We’re proud to announce our first public appearance on YouTube!!!

A team of highly-inspired musicians and software developers wants You to experience a revolutionary piano learning method:

The Piano Encyclopedia – the first practical piano encyclopedia in the world.

You will enjoy more than 700 pages of unique content, 2500 piano recordings, and 2400 interactive illustrations of piano keyboards showing how to master scales, chords, intervals, keyboard playing, improvising, and composing!

WELCOME to this new experience!

I’m Rod, the founder of Forgotten Dreams Corp. and the manager of The Piano Encyclopedia development, and I want to invite YOU to be one of the first to try out this revolutionary piano-learning method.

The first people that sign-up to our mailing list will be given the possibility of becoming one of the first to try out The Piano Encyclopedia.

We’ll be releasing a LIMITED number of invitations!

Sign-up to our mailing list today!

The whole team is very excited about this release, so feel free to give us any feedback on the new features we’ve developed and asking us any questions you might have! You can leave comments on our community chat room or comment in one of our posts.

Cheers! 🙂


9 Responses to Rediscover Music with The Piano Encyclopedia!
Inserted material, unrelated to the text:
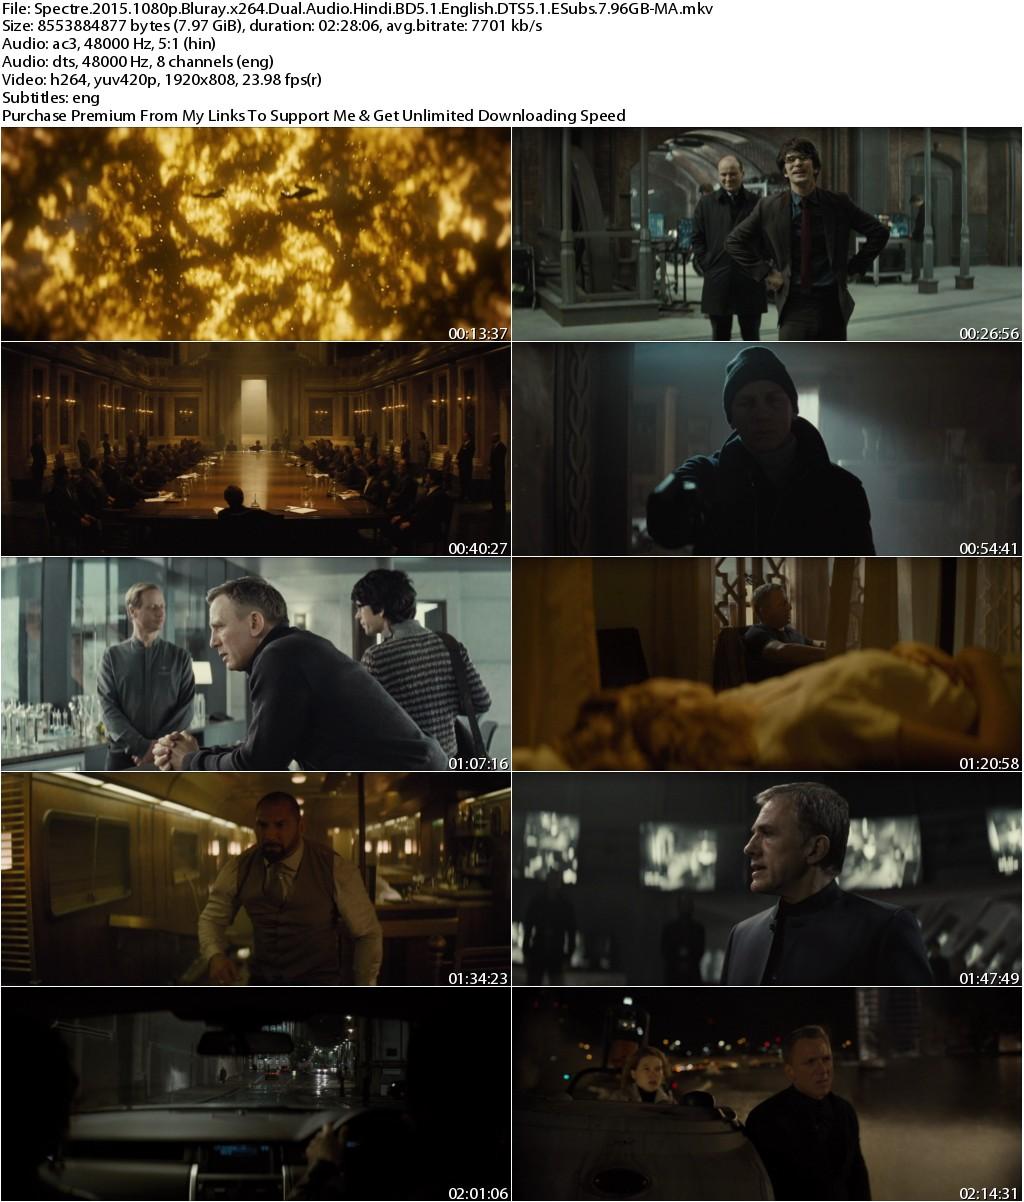 Spectre (2015) 1080p Bluray x264 Dual Audio Hindi BD5.1 English DTS5.1 ESubs 7.96GB-MA

  1. Pingback: Around the Music World in One Day

  2. Rodolfo Araujo says:

    I’m 52, rather old, but I like piano very much. I bought a Casio keyboard and started to learn piano two years ago, once a week during little more than an year. Then I gave up because I have very little time to practice.
    However, I have good ear for music, and I frequently sit at the keyboard and try to play some music I just heard in the radio or I’ve been remembering.
    But, while I can quickly play any music I have in my mind, one key at a time, even sometimes acompanying the melody with some brebuilt rythm, or with most common chords with the left hand, I can’t use fluently more than one finger of my right hand, and also sometimes, I can’t find out which is the proper chord for my left hand.
    I hope your encyclopedia provides me with a means for understanding, then learning, and at last, playing piano as I’d like to, all according to my times.
    I’ll be waiting hearing from you, thanks.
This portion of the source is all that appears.